There was nothing for it but to wait till morning. She knew that by some mischance she had wandered right in among the quagmire and, as she saw the will-o'-the-wisps burn here and there, she wondered that she had not been sucked down to death. She saw the glitter of her own footsteps as the night darkened, but thought they were more witch-lights shining to lure her to her doom.

Numbed with cold, frightened to move, her teeth began to chatter, and her limbs shook until they became even too cold for that sign of life. She sank into a kind of stupor, from which she started at times, thinking that she heard footsteps creeping nearer. But it was only the marsh gas escaping with a sound like a low chuckle. She had no means of guessing the time. Often she thought that the night must be nearly past; it had lasted so long already.
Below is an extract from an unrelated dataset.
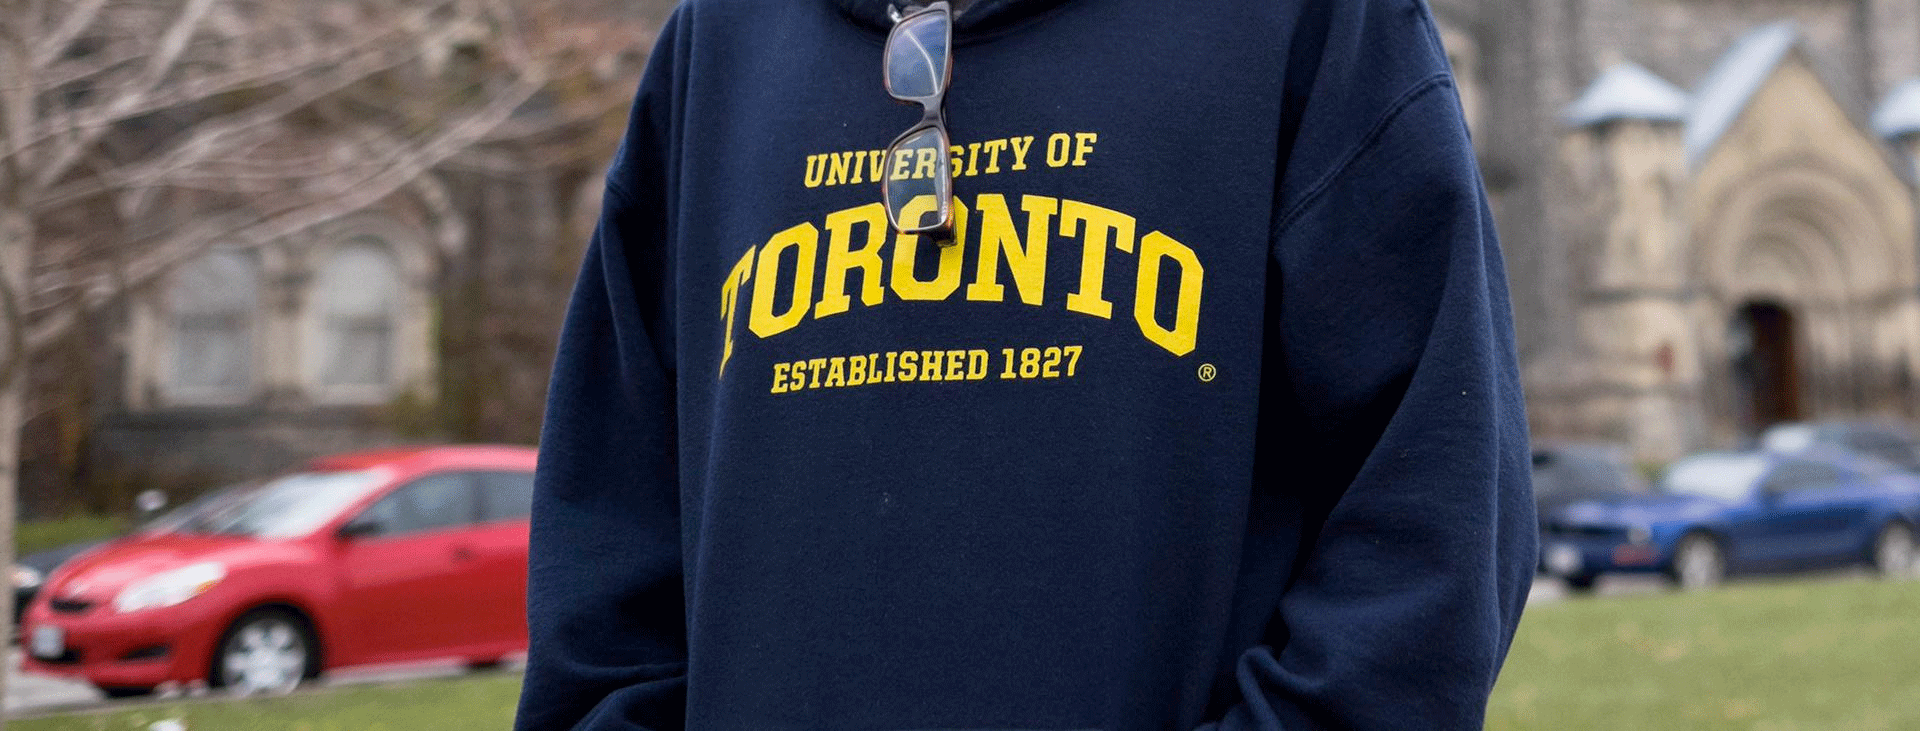 University of Toronto dark navy sweatshirt with yellow lettering

When the faintest light crept over the blackness of the sky, she hailed it as the coming of day, but it was only the moon rising behind the clouds.
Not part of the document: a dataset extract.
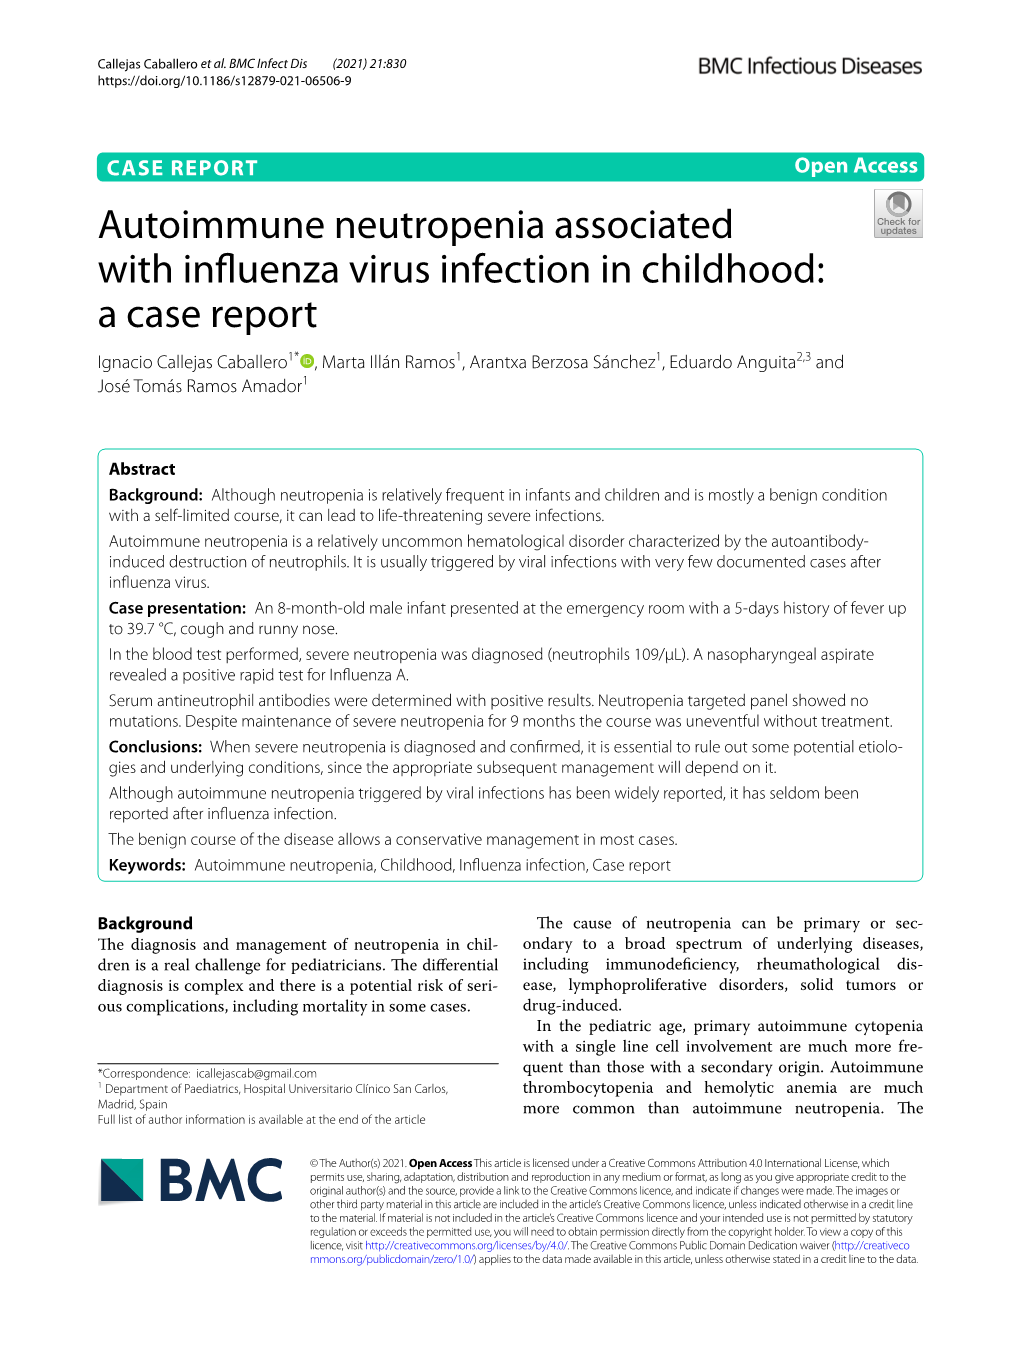 Autoimmune Neutropenia Associated With

After that followed a period of utter prostration, in which she saw and heard nothing. She was only conscious of an ever-present horror, which did not seem to have any outward source—she had lost all knowledge of the witch-lights and the marsh.

In this state of stupor Barbara found her.

"Lucy, Lucy," she said, lifting the girl in her arms, and though tears came hardly to her, she sobbed with thankfulness.

Lucy was roused at the sound.

"Save me, save me," she cried.

"You're all right," Barbara replied. "See, I'll carry you through the mire, and then we'll jog along home. Great-granny will think we're both lost, so long out at this time o' year."

"It's nearly morning, isn't it?" asked the girl, clinging to her sister with both hands.

"Bless the bairn, no; not more than ten, at the latest."